Why schemas and not code?

Andy Armstrong andy at hexten.net
Fri Jun 30 11:19:52 BST 2006


On 30 Jun 2006, at 10:52, ti at lemonia.org wrote:
> This was the case I referred to in passing as "refer to abstract  
> numeric
> keys instead". That may not be the correct term. In fact, although I'm
> convinced of the value of using numeric/serial primary keys for almost
> every table, I'm unclear what, if any, level of normalisation that
> corresponds to.

 From a programmer's perspective normalisation is pretty much the  
process of squeezing out any redundancy. Each datum should appear  
just once in the database - so 'Alanis Morissette' should appear only  
once in the database (and ideally shouldn't be audible at all...)

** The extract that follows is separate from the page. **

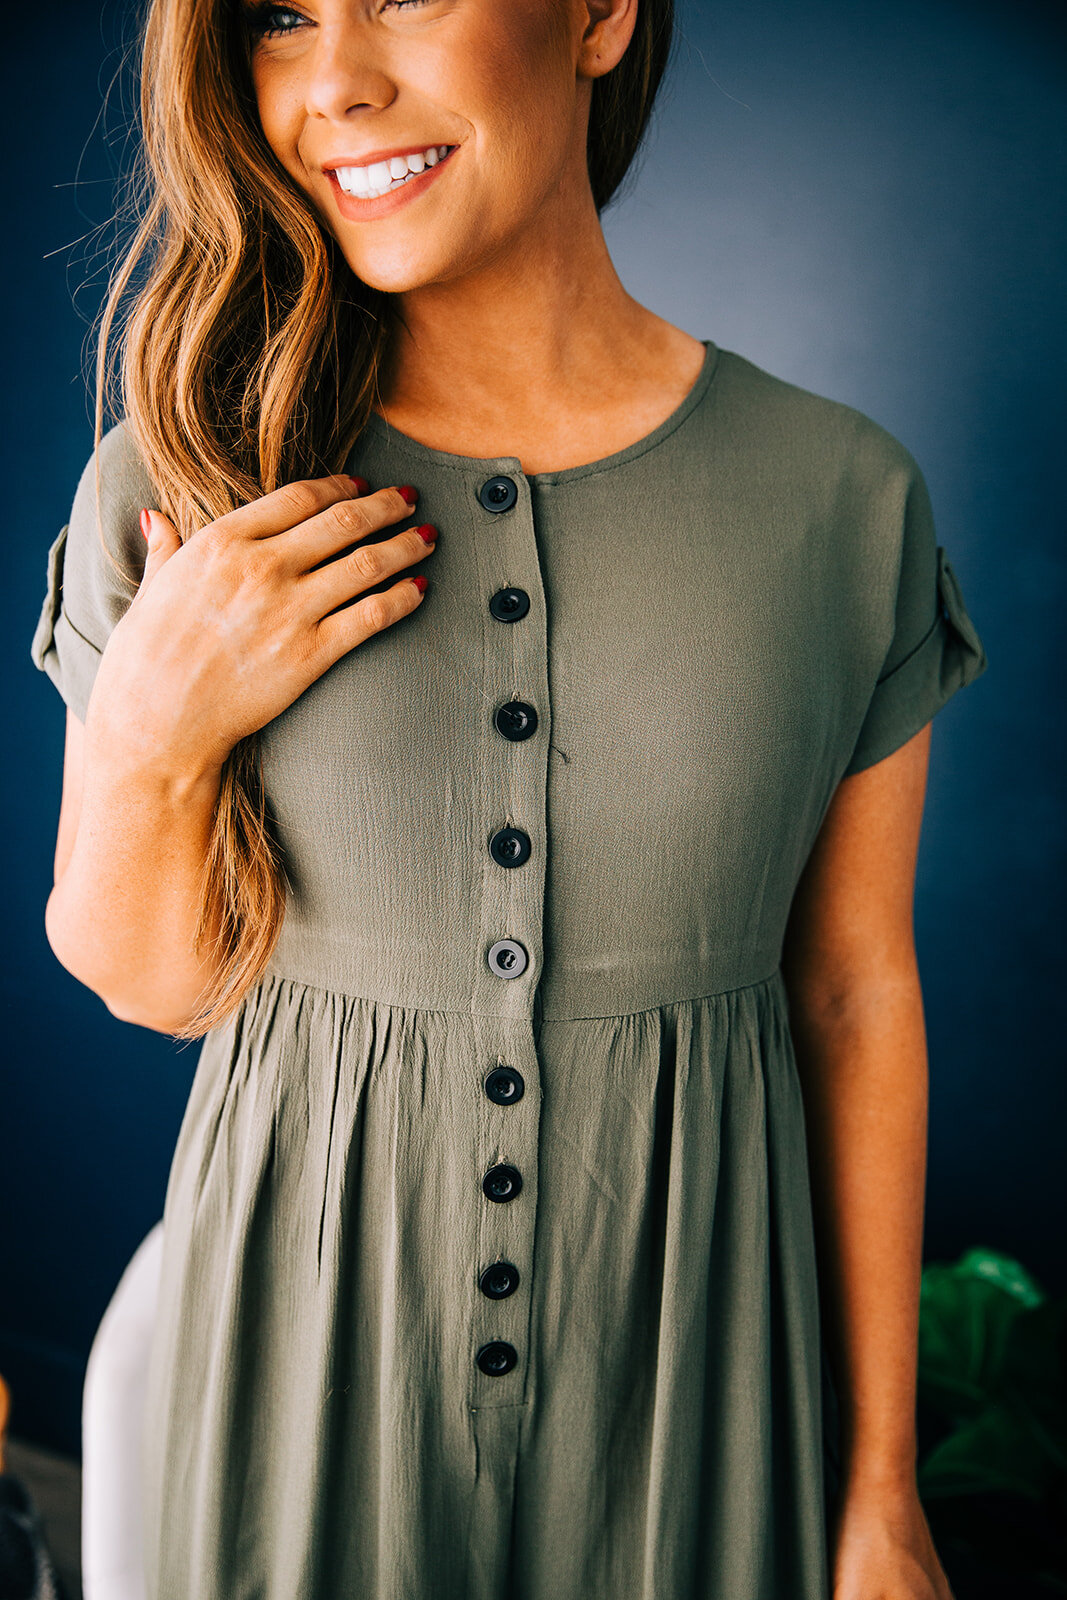  button up baby doll top short sleeve grey fashion top available online at copper lane commercial photography by bella alder photography product photos new inventory at station studio in logan utah online clothing fashion boutique selling women’s clo

Wherever you refer to Alanis you should instead refer to her primary  
key. So using keys is central to normalisation but doesn't  
automatically imply or ensure normalisation.

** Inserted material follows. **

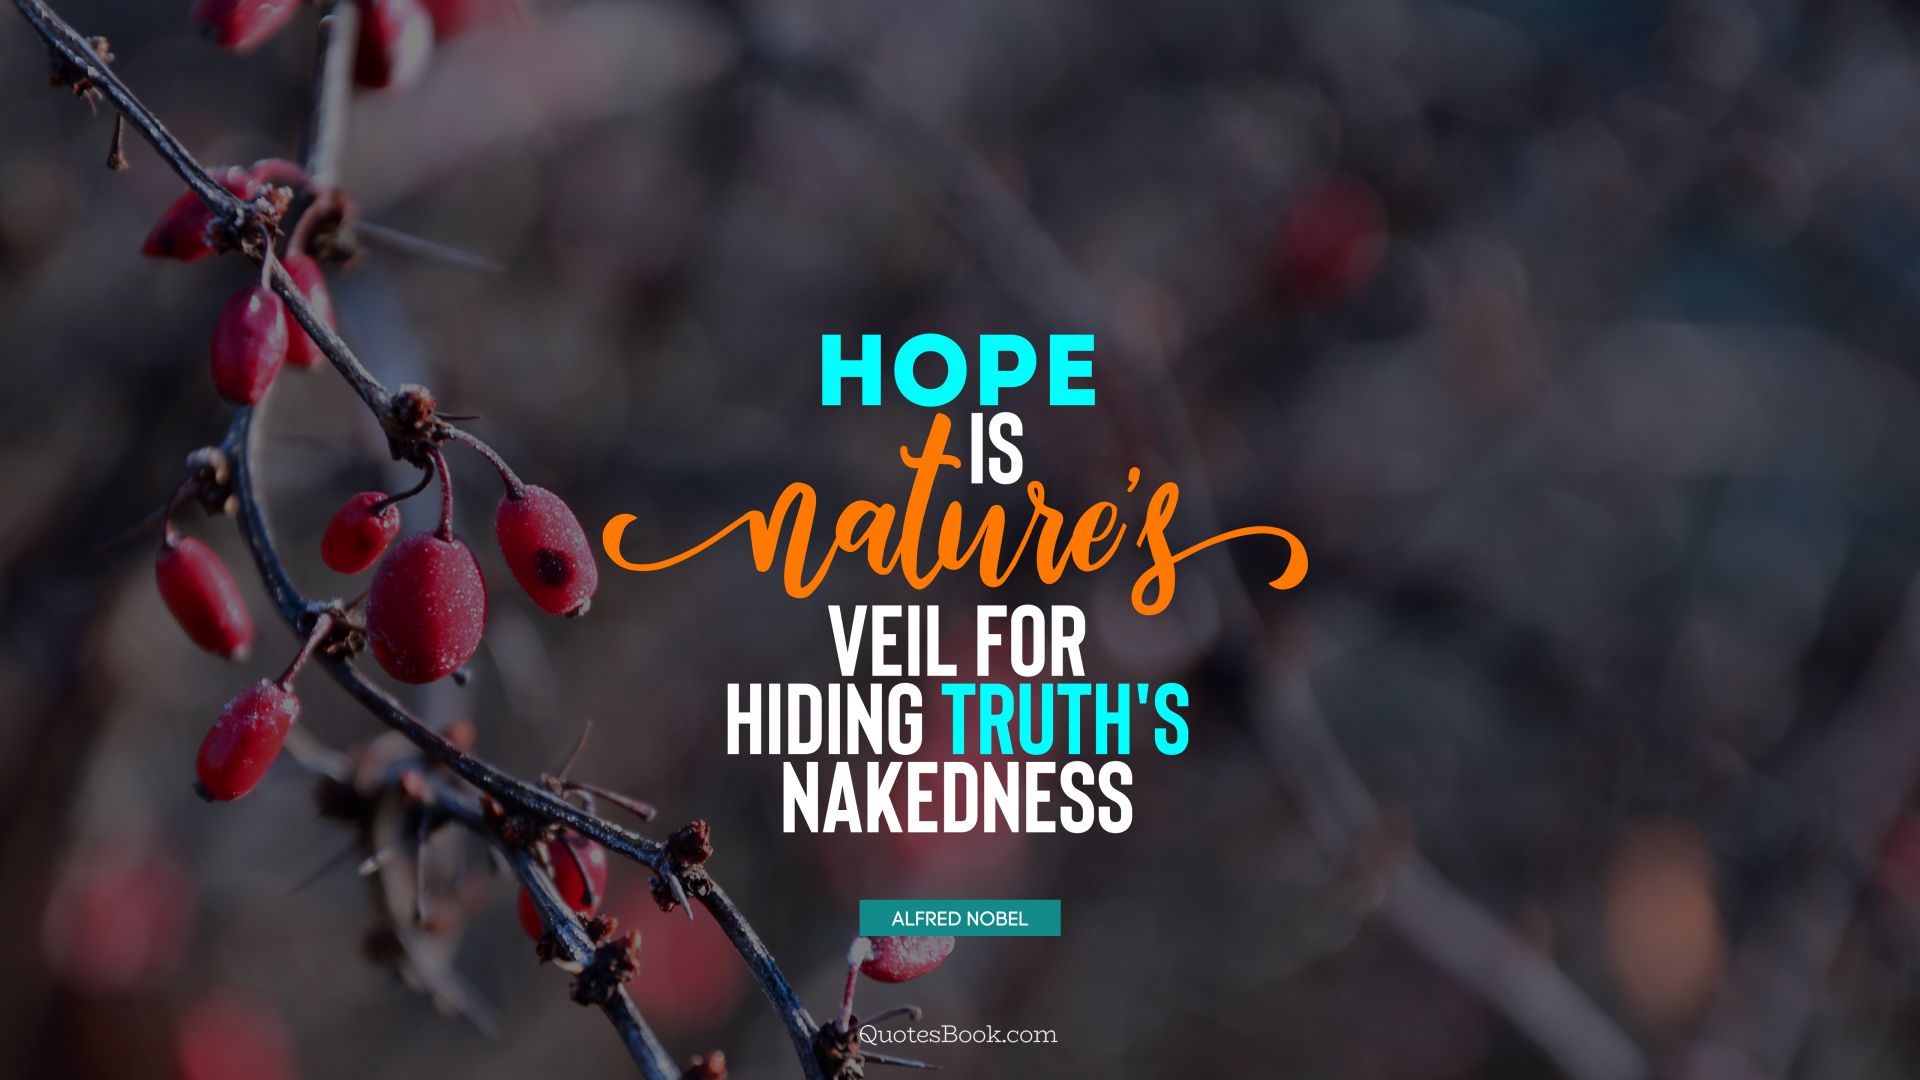 Hope is nature's veil for hiding truth's nakedness. - Quote by Alfred Nobel

Bear in mind though that it's about eliminating semantic redundancy  
rather than textual redundancy. So let's say that in addition to your  
lists of artists you run a forum from the same database and one of  
your forum users chooses the alias 'Alanis Morissette'. That's  
semantically different from the artist known as 'Alanis Morissette'  
and there should be no connection between the two.

Good practice is generally to develop a completely normalised schema  
and then, if necessary, de-normalise to improve performance or  
satisfy some other operation requirement.